The cluster subdirectories:
- base – Subdirectory containing per-database subdirectories
- global – Subdirectory containing cluster-wide tables
- pg_auth – Authorization file containing user and role definitions.
- pg_control – Control file.
- pg_database – Information of databases within the cluster.
- pg_clog – Subdirectory containing transaction commit status data
- pg_multixact – Subdirectory containing multitransaction status data (used for shared row locks)

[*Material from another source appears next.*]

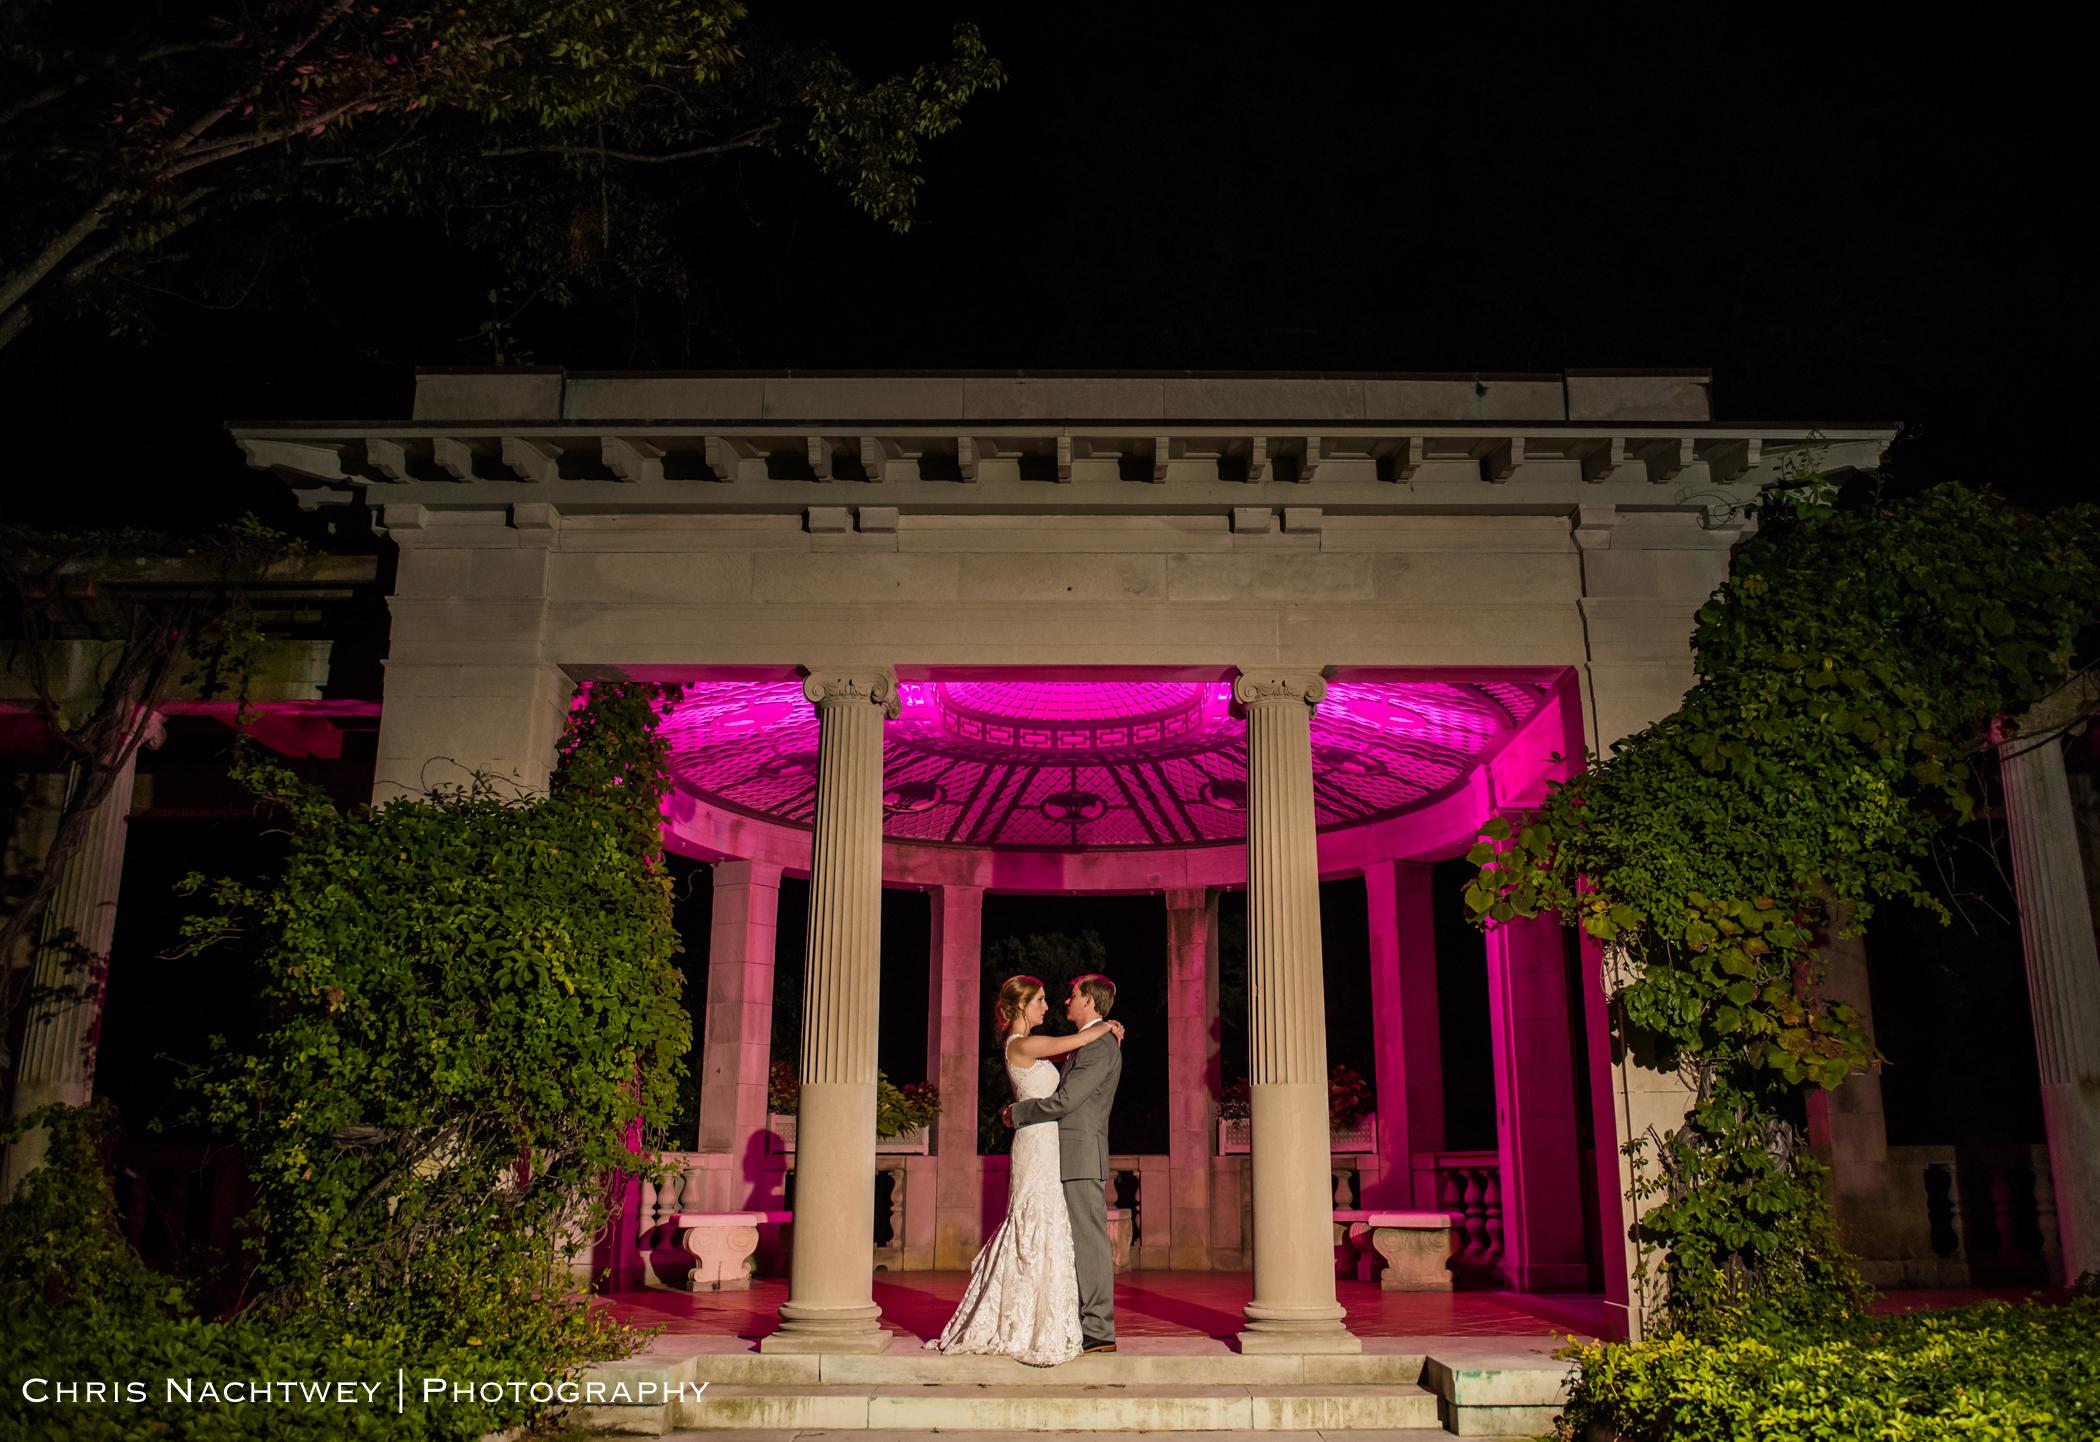 harkness-wedding-photos-chris-nachtwey-photography-2018-49.jpg

- pg_subtrans – Subdirectory containing subtransaction status data
- pg_tblspc – Subdirectory containing symbolic links to tablespaces
- pg_twophase – Subdirectory containing state files for prepared transactions
- pg_xlog – Subdirectory containing WAL (Write Ahead Log) files
to finish the this post, here is a quick comparison between oracle and postgres for the things I noticed right now:
oracle | postgres |
---|---|
default transaction isolation level: read committed | default transaction isolation level: read committed |
pfile/spfile | postgresql.conf |
binary parameter file: yes | binary parameter file: no, but reload function of the server |
multiplexed control files | one pg_control directory containing one control-file |
create database … | initdb |
location of the archived logs: dynamic | pg_xlog |
size of the redologs: dynamic | must be specified once when building postgres and can not be changed afterwards |
system/sysaux, data dictionary | base and global directories |
listener/sqlnet configuration | postgresql.conf, pg_hba.conf |
datafiles | symlinks in pg_tblspc |
sqlplus | psql |
one to one relation of instance and database ( except for rac ) | one cluster can serve multiple databases |
select * from v$instrance; | SELECT version(); |
show user; | select current_user; |
select 1 +3 from dual; | select 1 + 3; |
shutdown modes: normal, immediate, transactional, abort | shutdown modes: smart, immediate, fast |
$ORACLE_SID | $PGDATABASE |
alter session… | SET…TO… |